Don't include any picture when you restate the data word for word.

| DATA BLOCK |
___
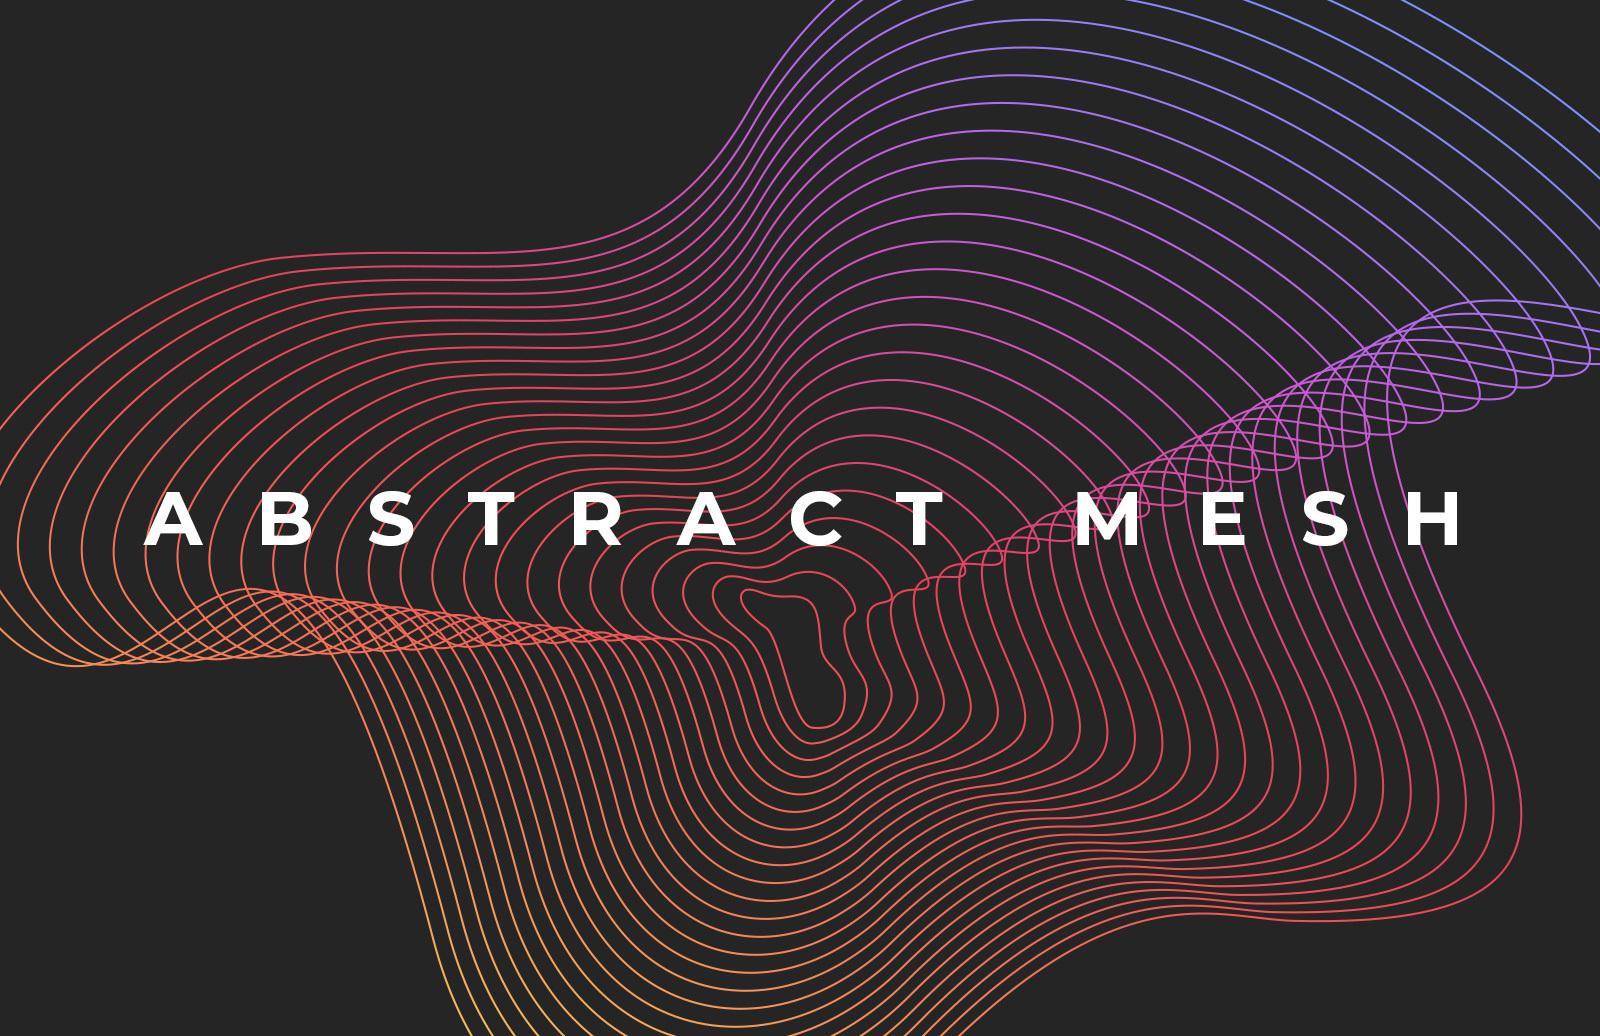 Abstract Mesh Vectors
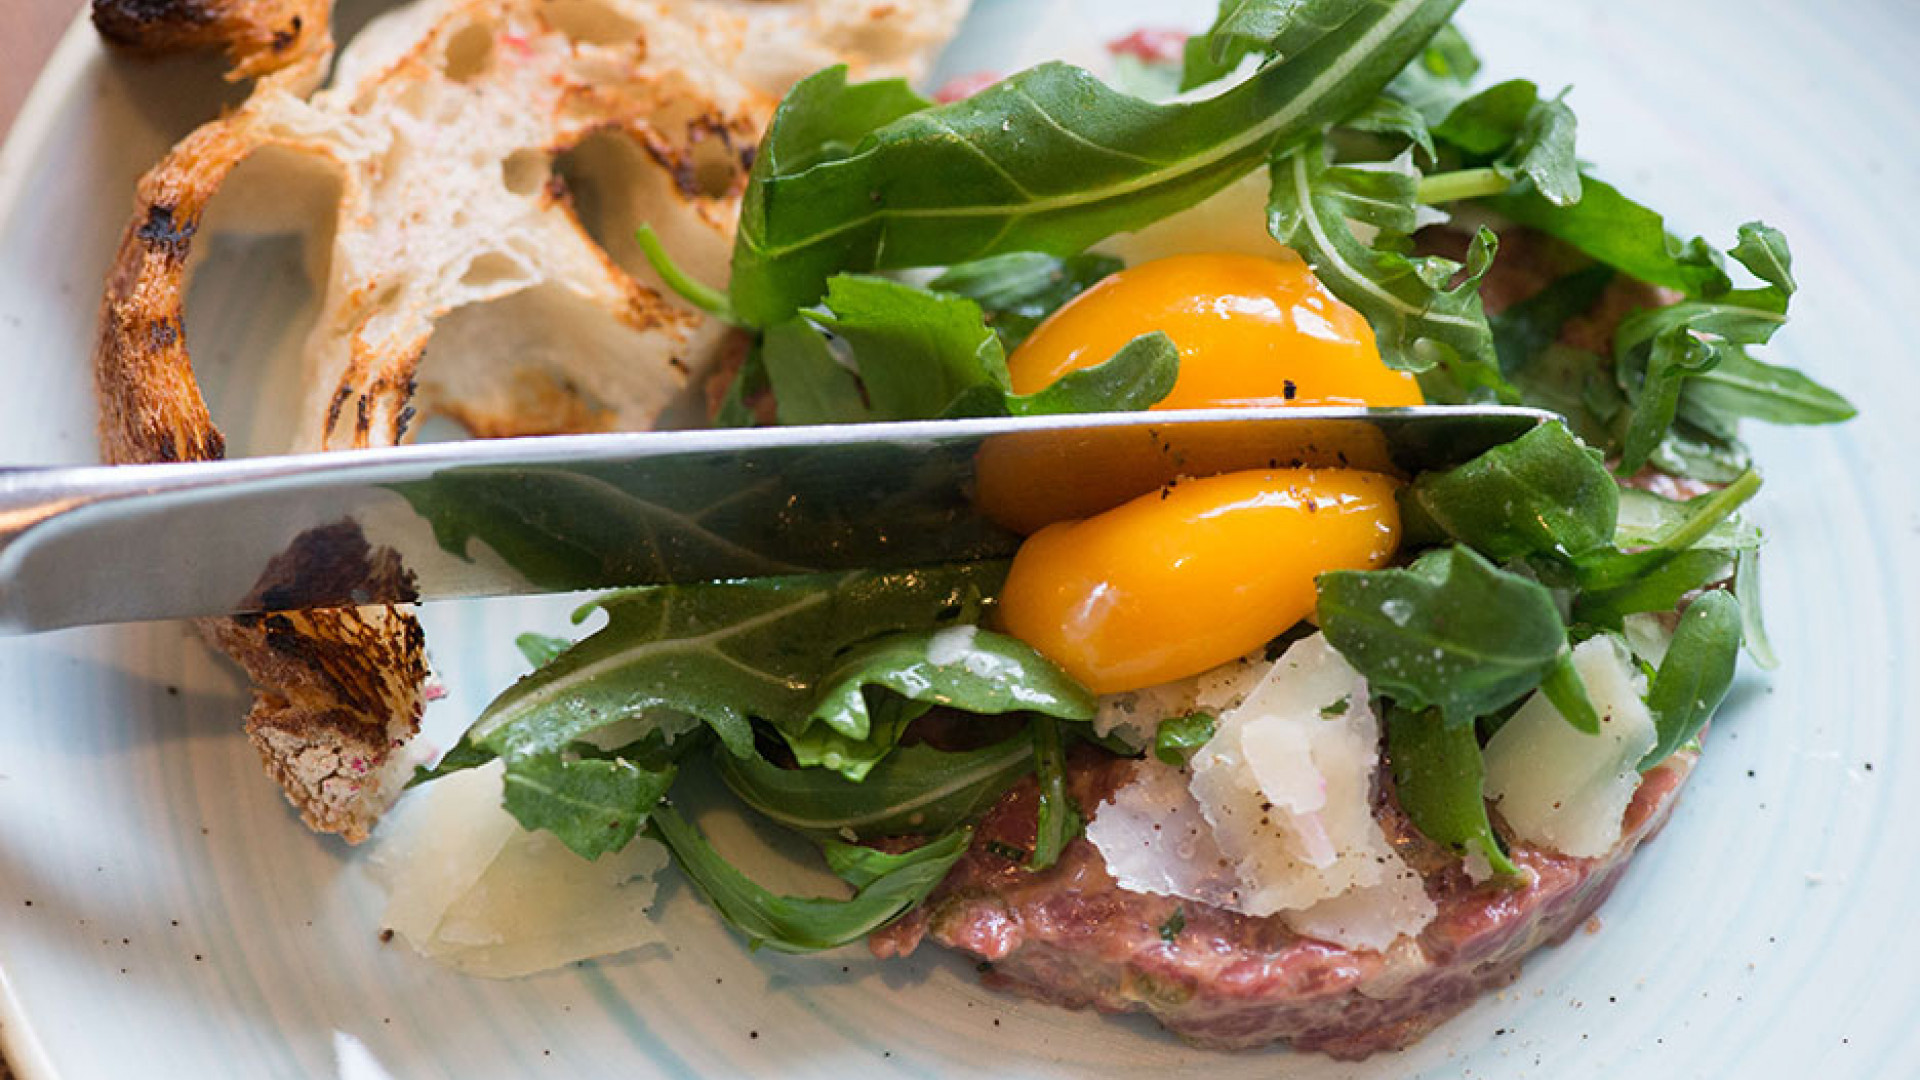 Steak tartare with egg yolk, rocket and sourdough
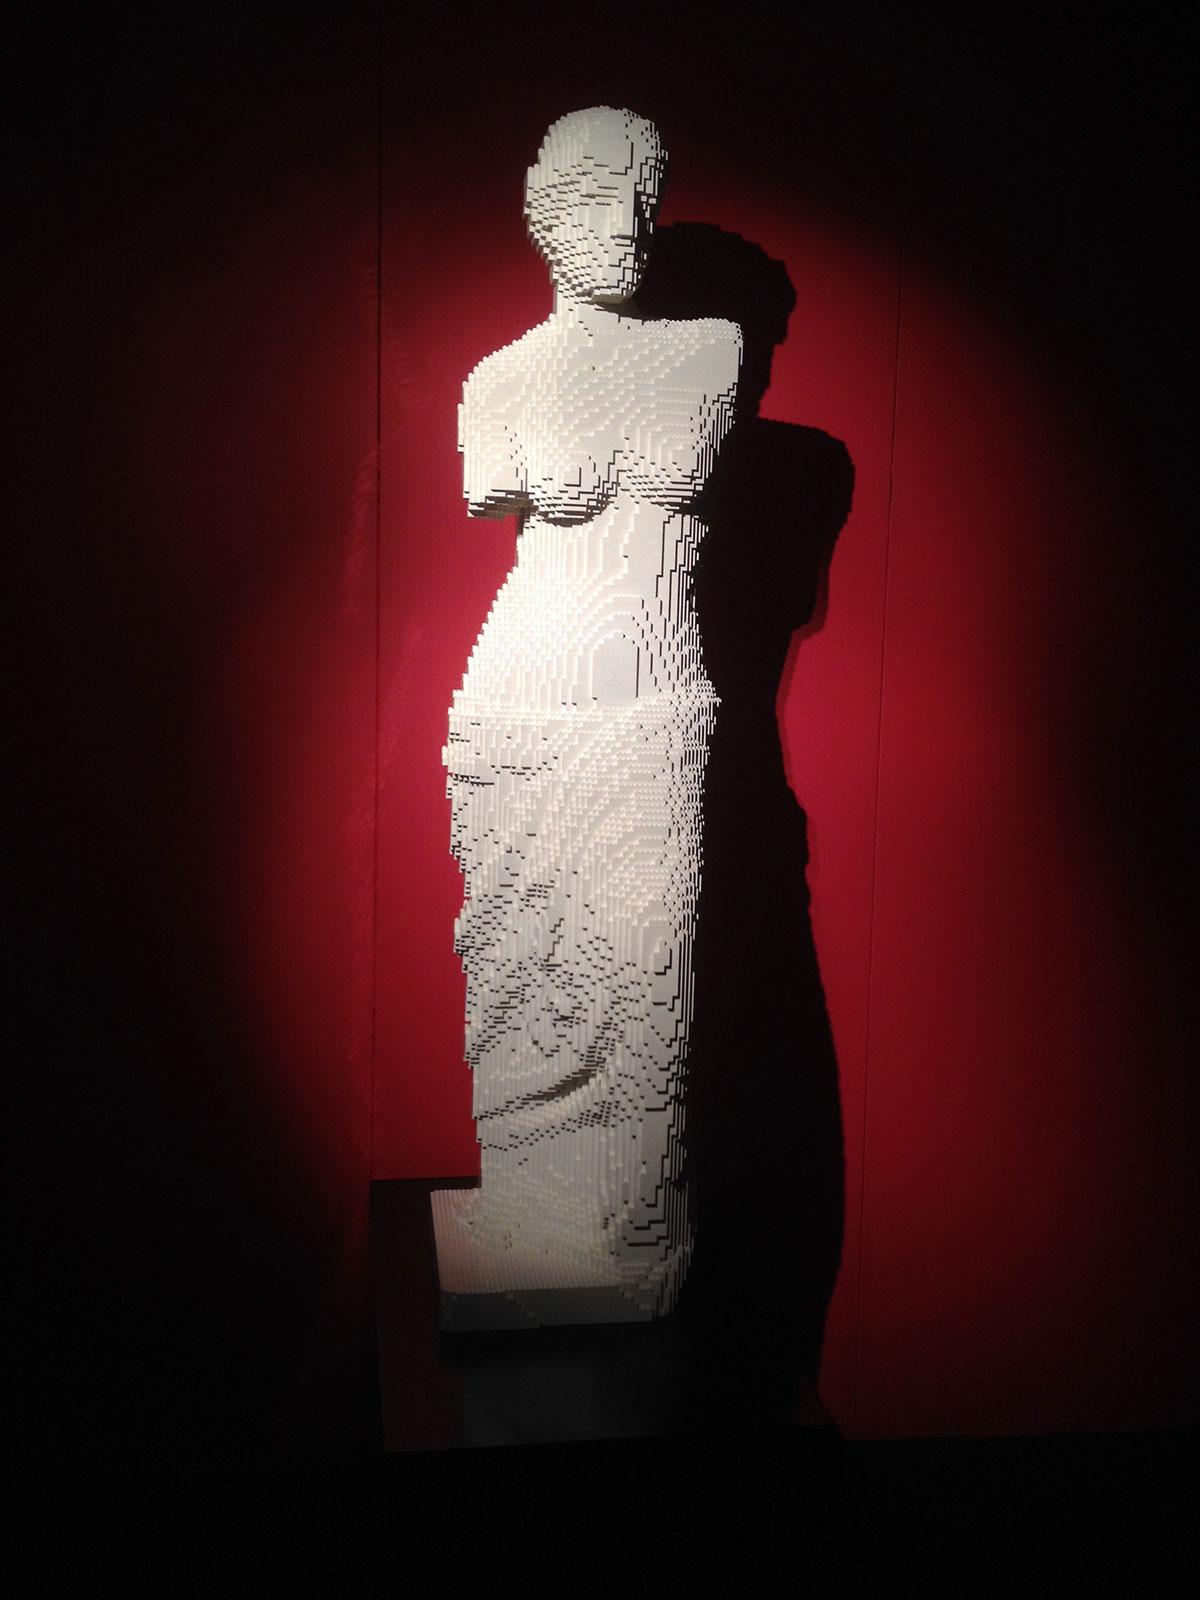 LEGO statue
___
| OUTPUT |
 Abstract Mesh Vectors
 Steak tartare with egg yolk, rocket and sourdough
 LEGO statue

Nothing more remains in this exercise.